Моне — тот, из-за которого он сюда и потащился — был потрясающ в своей простоте. В своей истории: почти слепым продолжал творить, не давая пышным бутонам великих идей увянуть в душе. Как Бетховен, глухим писавший свои сонаты, он писал то, что видело его сердце, а не глаза. Клюге восхищался им — искренне, до дрожи в руках, до негнущихся коленей. Картины — нет, шедевры — Клода Моне занимали отдельное место в его сердце. Вслух он, конечно, никогда бы этого не сказал. Так тяготеть к чему-то казалось неправильным.

Внимание привлек невыносимо громкий шум мотора позади. Клаус, вздрогнув от неожиданности, резво развернулся на каблуках, и брови у него поползли вверх от удивления. На одном из немногочисленных свободных парковочных мест встал потрясающего вида тонированный черный Rolls-Royce, блеснувший в лучах уже клонящегося к горизонту розоватого солнца крылатой фигуркой на капоте. В том, что за рулем сидел Рейхенау, сомнений не было.

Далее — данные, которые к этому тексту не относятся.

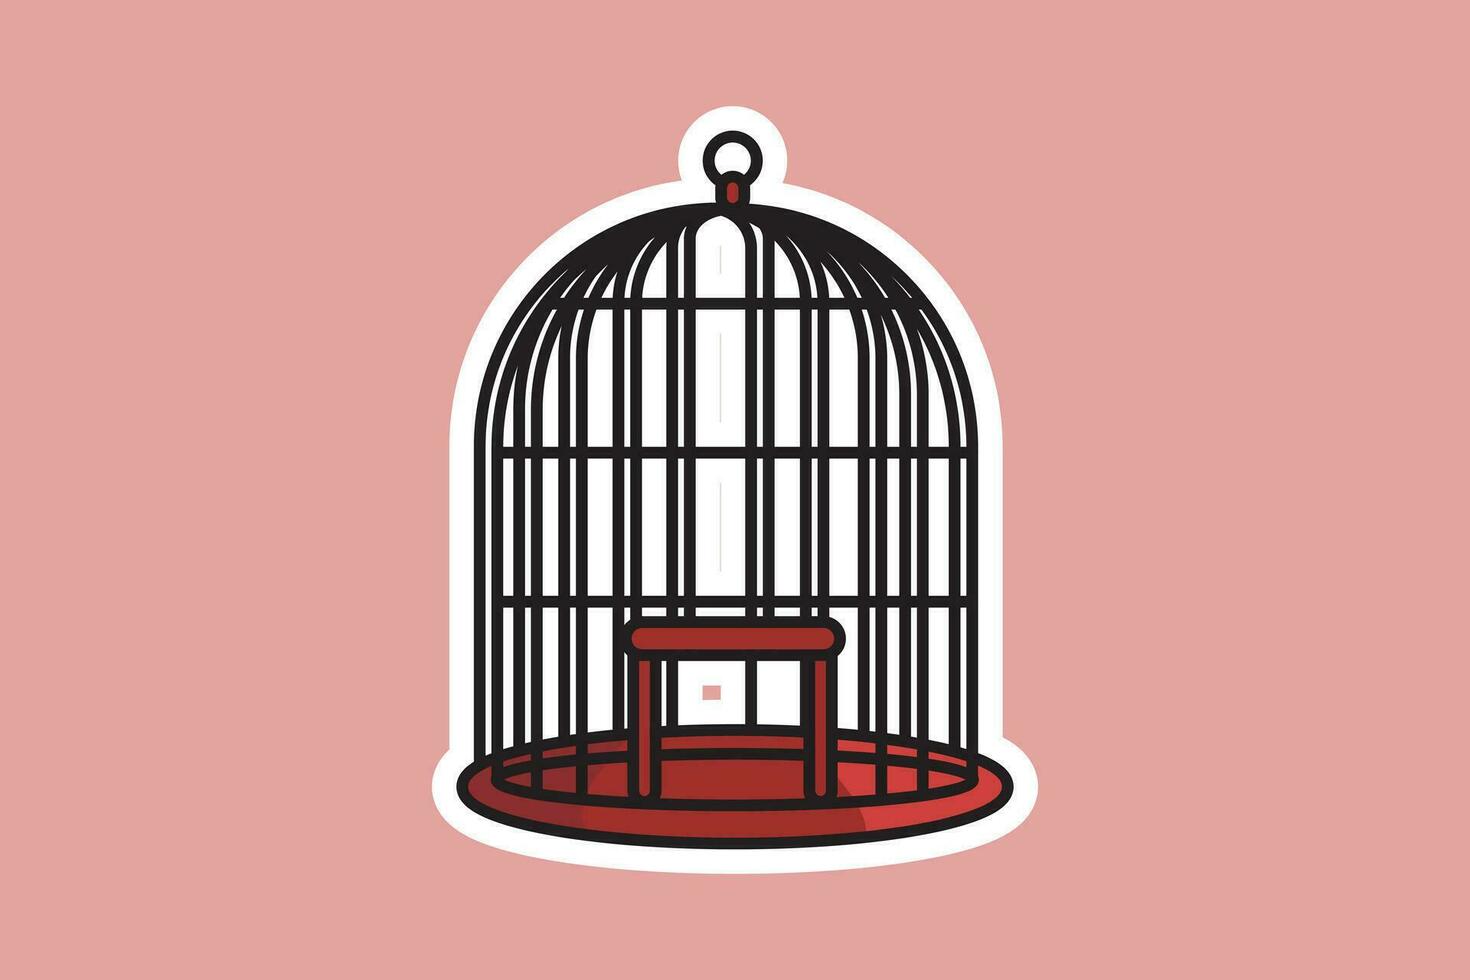 Birdcage with Open Door sticker design vector illustration. Animal nature object icon concept. Birdcage sticker design logo.

Тот, хлопнув дверью, второпях поправил полы белоснежного пиджака с болтающейся у нагрудного кармана цепочкой, щелкнул дистанционными ключами и, пригладив волосы, широким шагом направился к дверям. Клюге он, похоже, даже не заметил, а затем, едва в него не врезавшись, слишком уж очевидно быстро принял надменный вид.

— Прошу прощения, припозднился, — откашлялся Дольф, незаметно пытаясь отдышаться. Да уж, в его-то возрасте такая спешка полезной быть не может. Клаус еле остановил рвущийся наружу хохот. — Идем?

— По работе задержался? — Клюге решил не подтрунивать над ним, хотя очень хотелось, и послушно шагнул внутрь, стараясь не обращать внимания на легшую на талию ладонь.

— Я был бы чрезмерно счастлив, задержись хоть раз в жизни не по ней, — невесело хмыкнул Рейхенау, мельком показывая экран телефона стоящей у входа представительного вида девушке. Клаус даже развернуться на нее не успел.

— Сколько стоили билеты? — спросил он, аккуратно изгибаясь так, чтобы убрать чужую руку. — Я отдам половину.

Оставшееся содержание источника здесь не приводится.